Примечания (5)

[1] [2] [3]

Ведь если какие-то подробности поведения первопланового персонажа очень нестереотипны, это автоматически накладывает на автора требования, которые он должен выполнять: неизбежно нужно будет адекватно описывать подробности поведения и других персонажей. Коль скоро психологическая инвестиция велика — в отношении первопланового персонажа, — тем самым она открывает счет совокупности межчеловеческих отношений произведения, и писатель становится должником, который должен будет выплачивать долг в установленной изначально валюте. Иначе «одни персонажи оживут, а другие останутся бумагой». Вот этой функции, допингующей усилия автора, обычно и следа нет в фантастическом произведении, поскольку его создатель, как правило, не инвестирует в него неповторимые личные автобиографические признаки. Поэтому тотчас первый, центральный персонаж будет построен уже из определенных схем, взятых извне. Такая генеральная тенденция господствует в научной фантастике, и в этом ее сильнейшее родство с криминально-сенсационным повествованием, поскольку автор в этих жанрах ничего или почти ничего «личного», от себя не отдает. Это — во-первых.
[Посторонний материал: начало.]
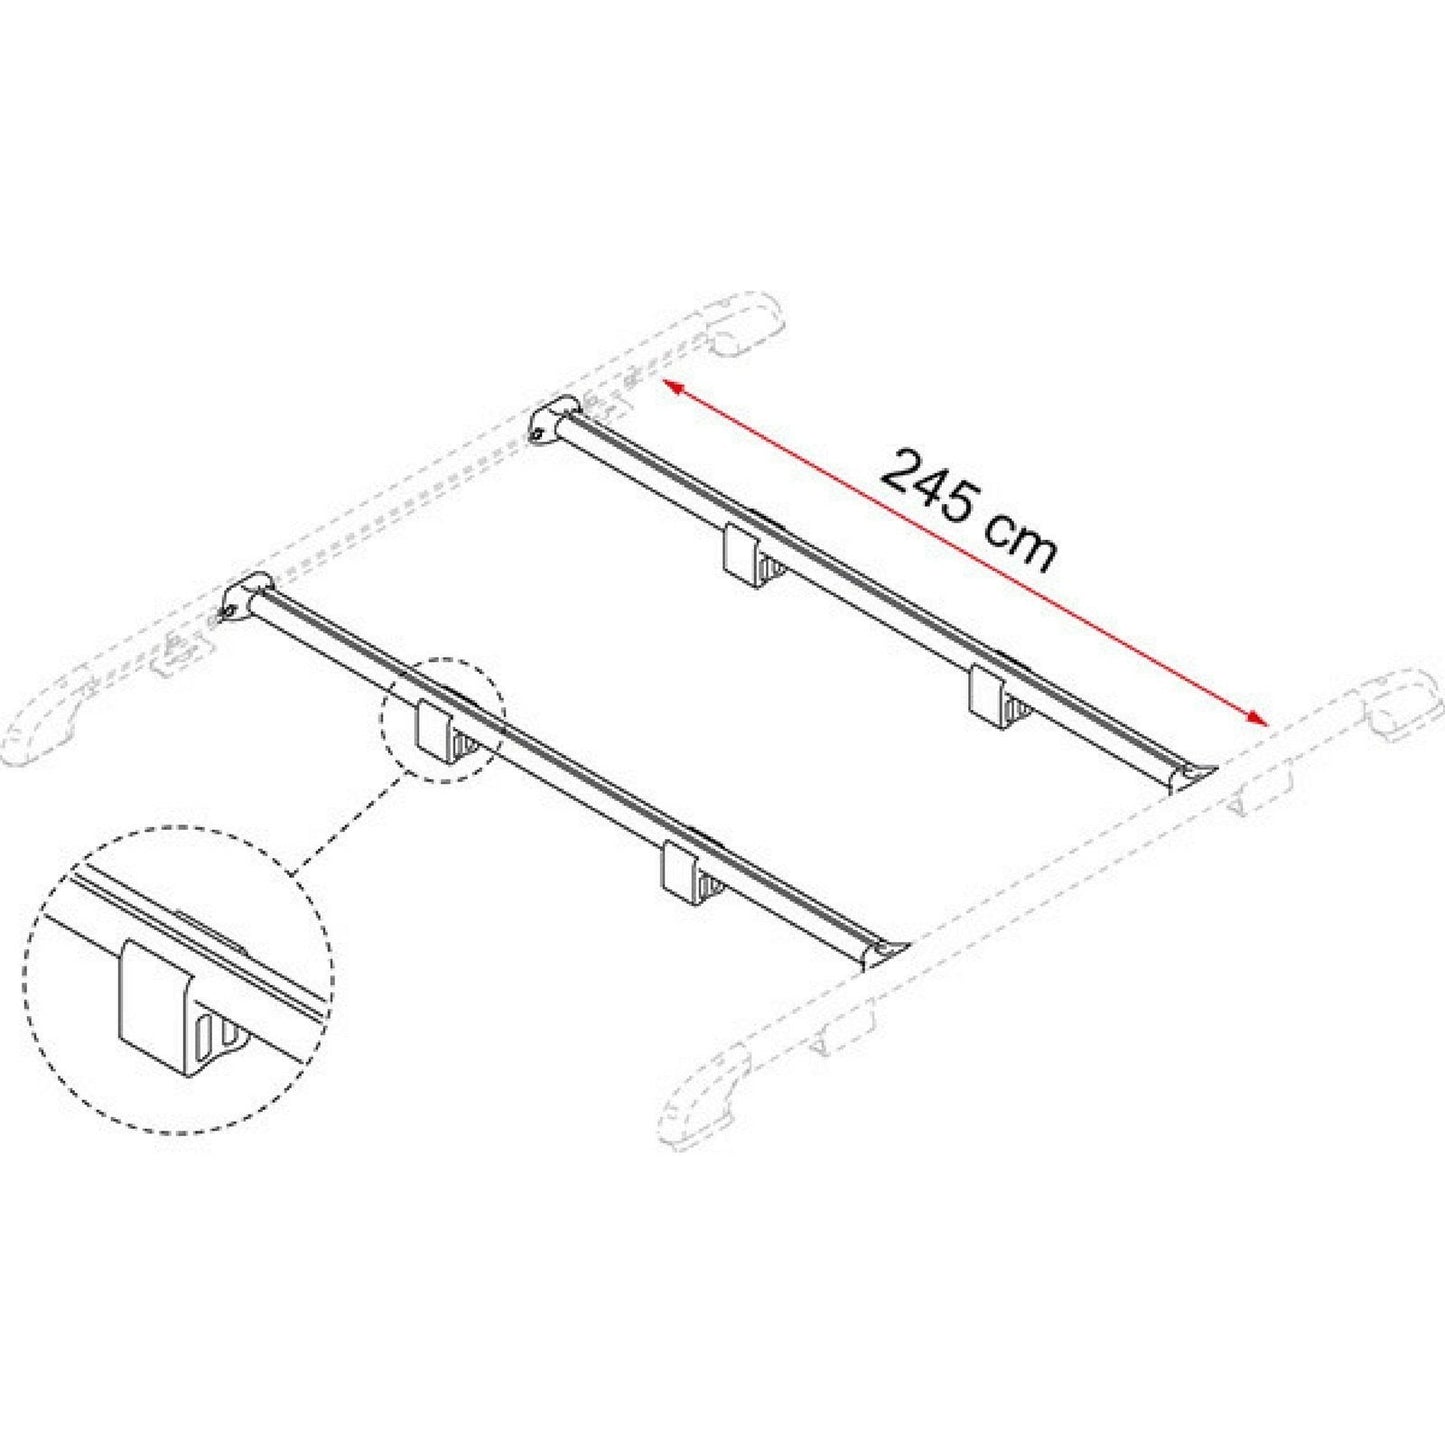 Fiamma Fixing-Bar Roof Rail made by Fiamma. A Accessories sold by Quality Caravan Awnings

Во-вторых, на психологическое качество персонажа накладывается, кроме названного фактора, структура повествования или же то, что я назвал направлением главного разреза, проводимого через мякоть описываемого мира. Когда-то этот разрез шел через все главные причинные стыки действия; теперь же их можно непосредственно не касаться. Обходить же их можно потому, что современные произведения не являются протоколами из областей жизни, в которые до сих пор не ступала ничья нога, не являются именованием нового открытого мира, а являются вылазками в область Универсума, который уже сто и тысячу раз исследован, просмотрен, расклассифицирован, то есть о том, что представляет набор его базовых фактов, говорить не то что не нужно, а даже нельзя. Современное произведение порой является одной серией «обертонов», по умолчанию определяющей, что тональность главного ключа и всю мелодию читатель имеет в голове прекрасно запечатленными; постараемся доказать это утверждение на примерах. Сопоставим в «миникомпаративистике» две новеллы: «Месть женщины» из тома «Дьявольские лики» Барбе д’Оревильи и «Игру с ночью» современного французского автора Жозе Кабаниса. В обоих этих произведениях выступает тип «фатальной женщины», со всеми отличиями, вызванными изменениями места, времени и повествовательной поэтики.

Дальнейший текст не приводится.